→ Instructions to follow: Copy each line of the data below exactly, leaving out pictures.

─── Given data

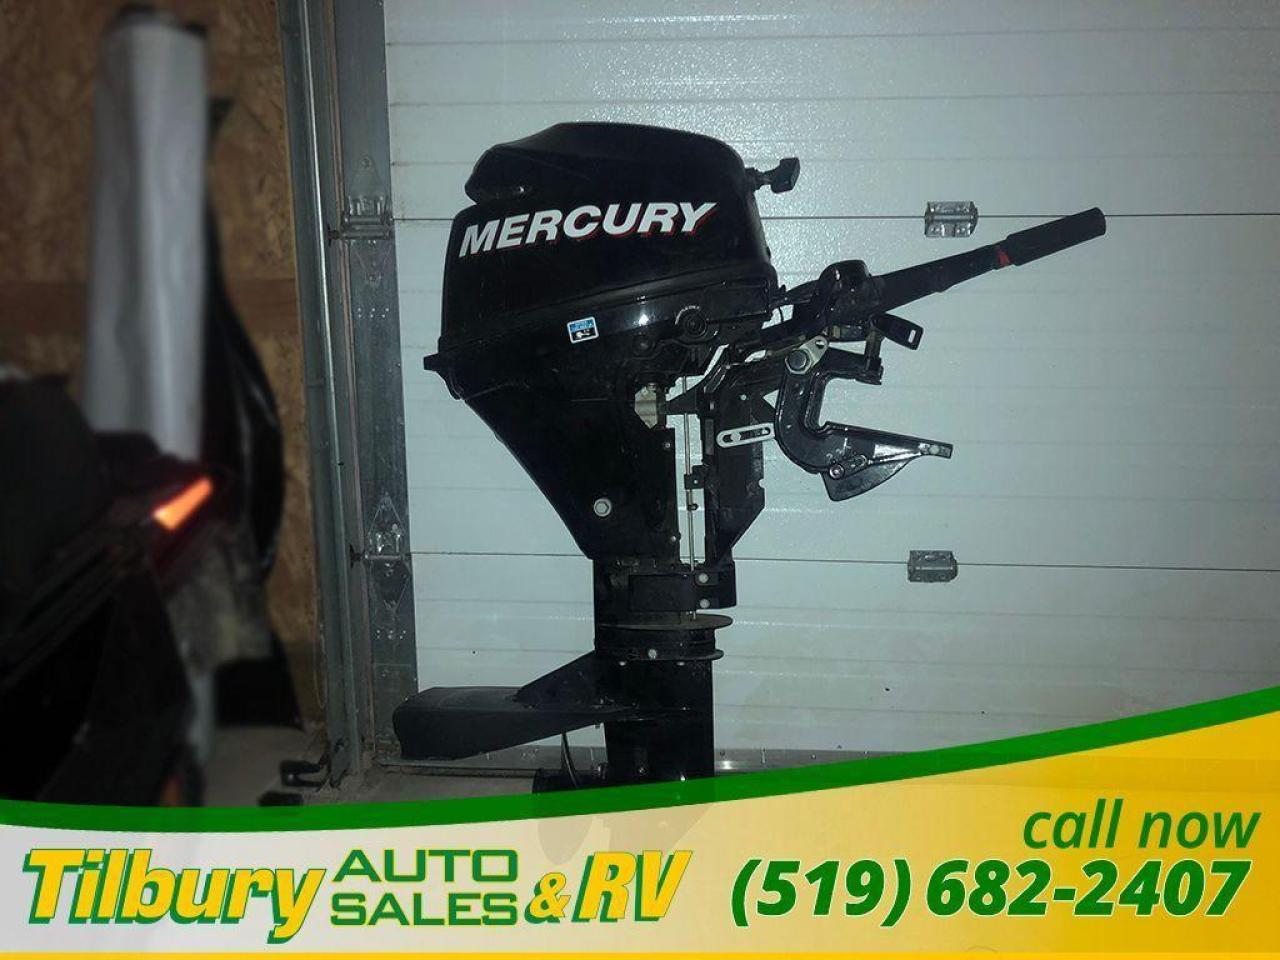 2011 Mercury 8HP Outboard Motor *Clean, quiet & fuel efficient*
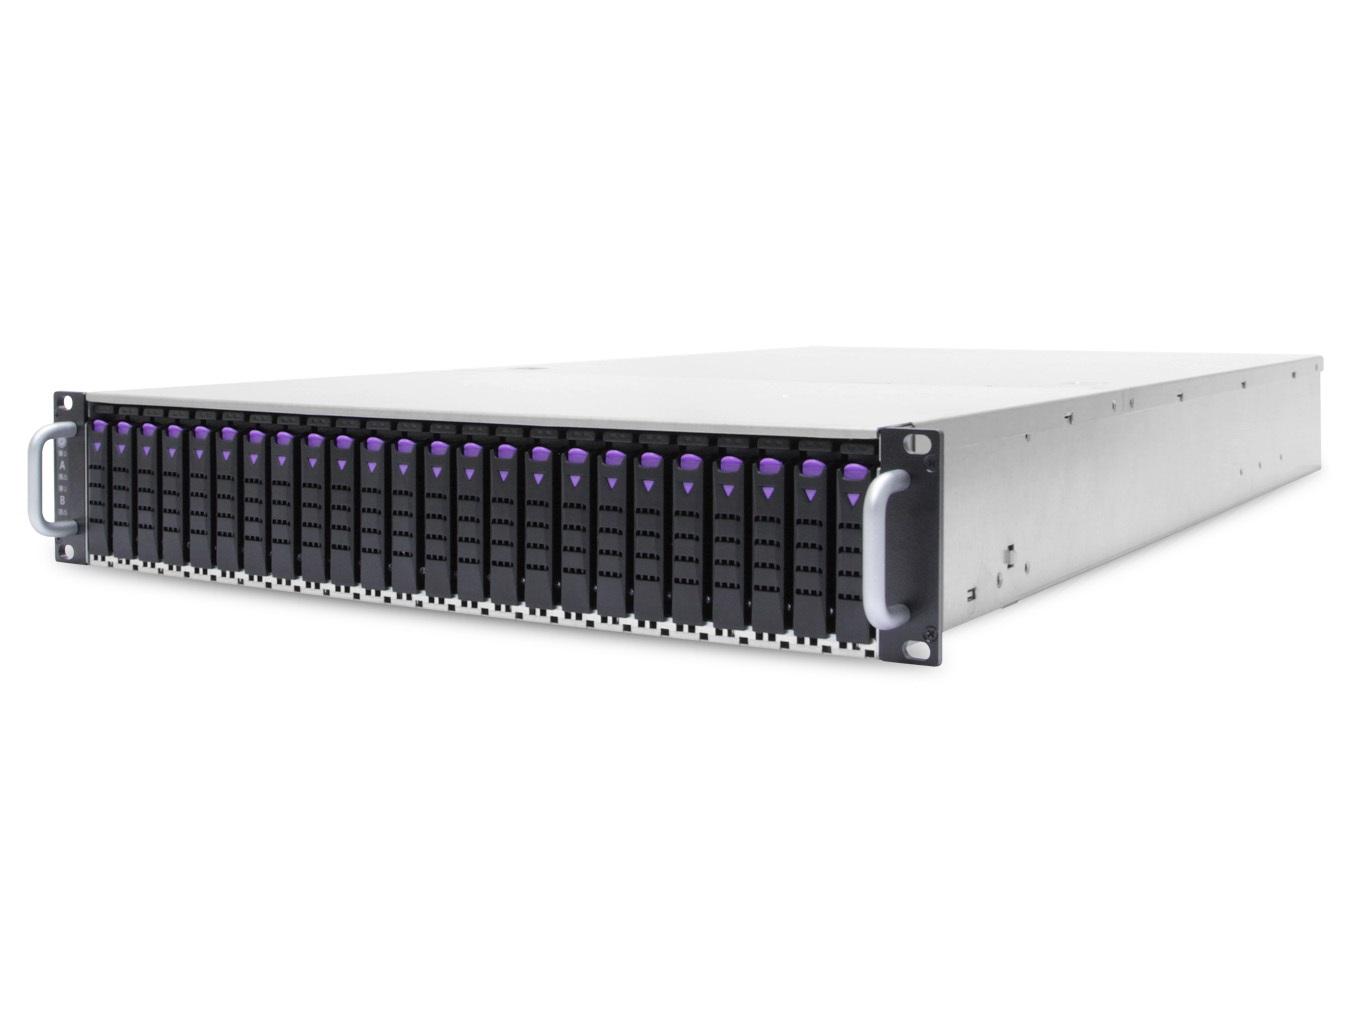 AIC HA202-PH XP1-A202PH03 2U 24-Bay NVMe Storage Server
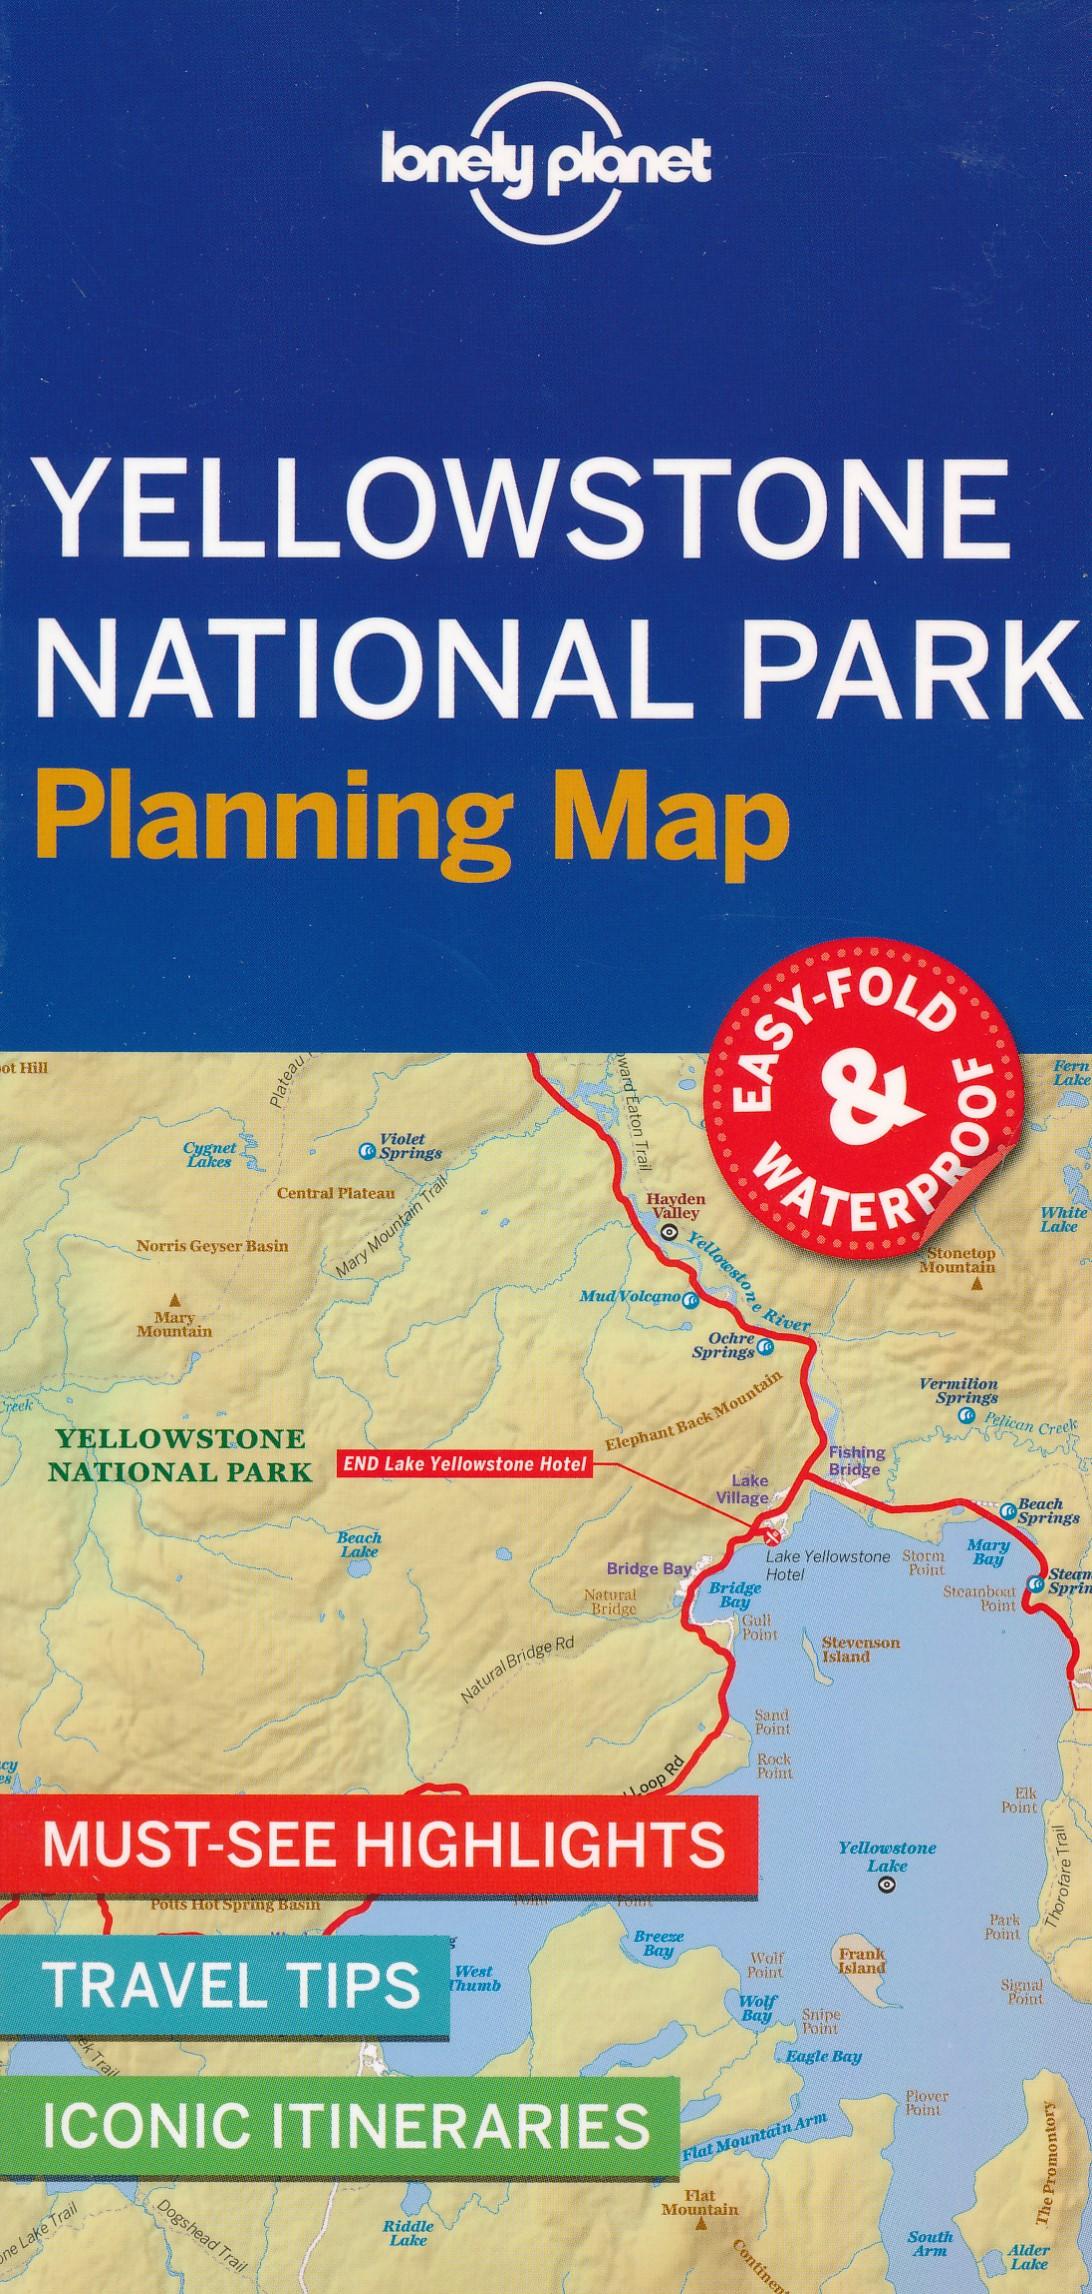 Wegenkaart - landkaart Planning Map Yellowstone National Park | Lonely Planet
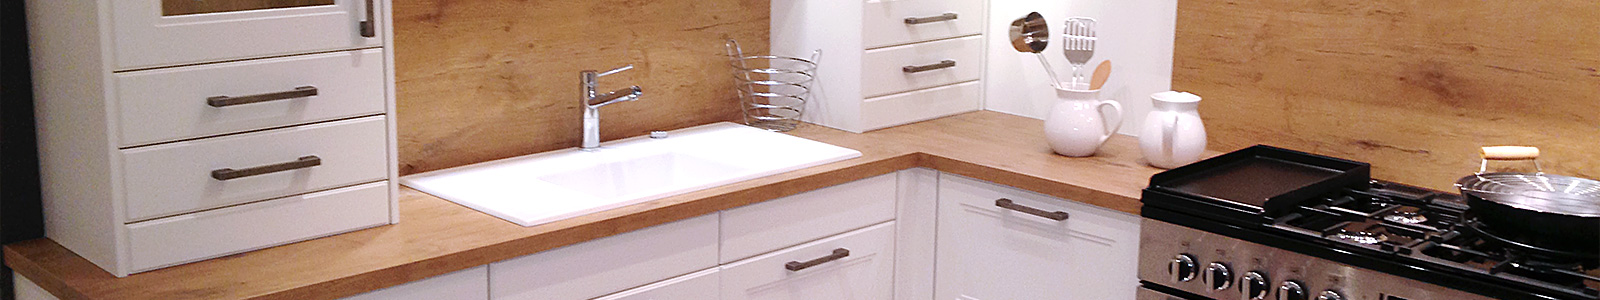 Küchen Bad Homburg küchen in bad homburg küchen kre
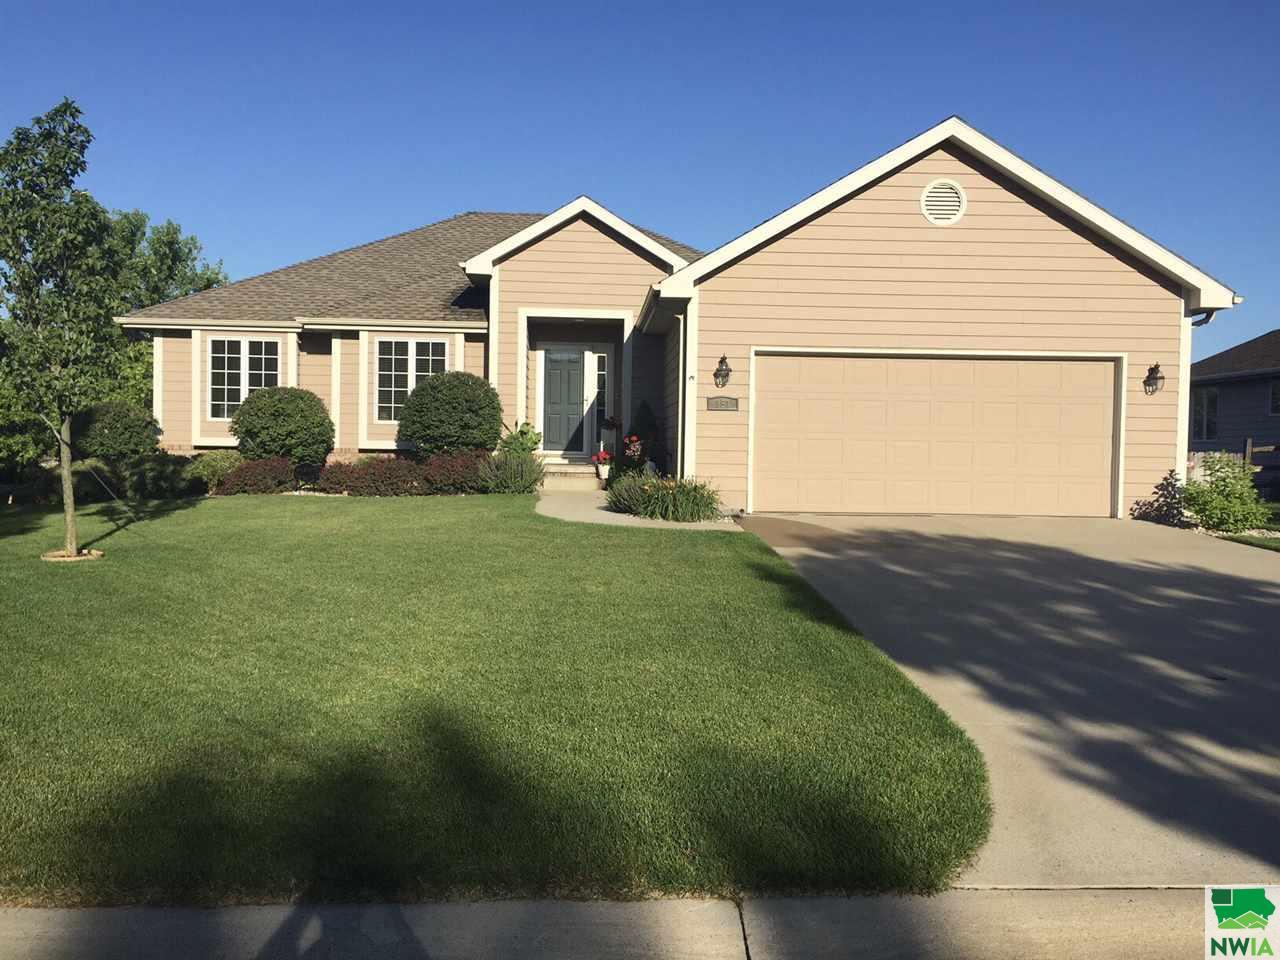 Property for sale at 351 Partridge, Dakota Dunes,  SD 57049

──────

→ Result:
 2011 Mercury 8HP Outboard Motor *Clean, quiet & fuel efficient*
 AIC HA202-PH XP1-A202PH03 2U 24-Bay NVMe Storage Server
 Wegenkaart - landkaart Planning Map Yellowstone National Park | Lonely Planet
 Küchen Bad Homburg küchen in bad homburg küchen kre
 Property for sale at 351 Partridge, Dakota Dunes,  SD 57049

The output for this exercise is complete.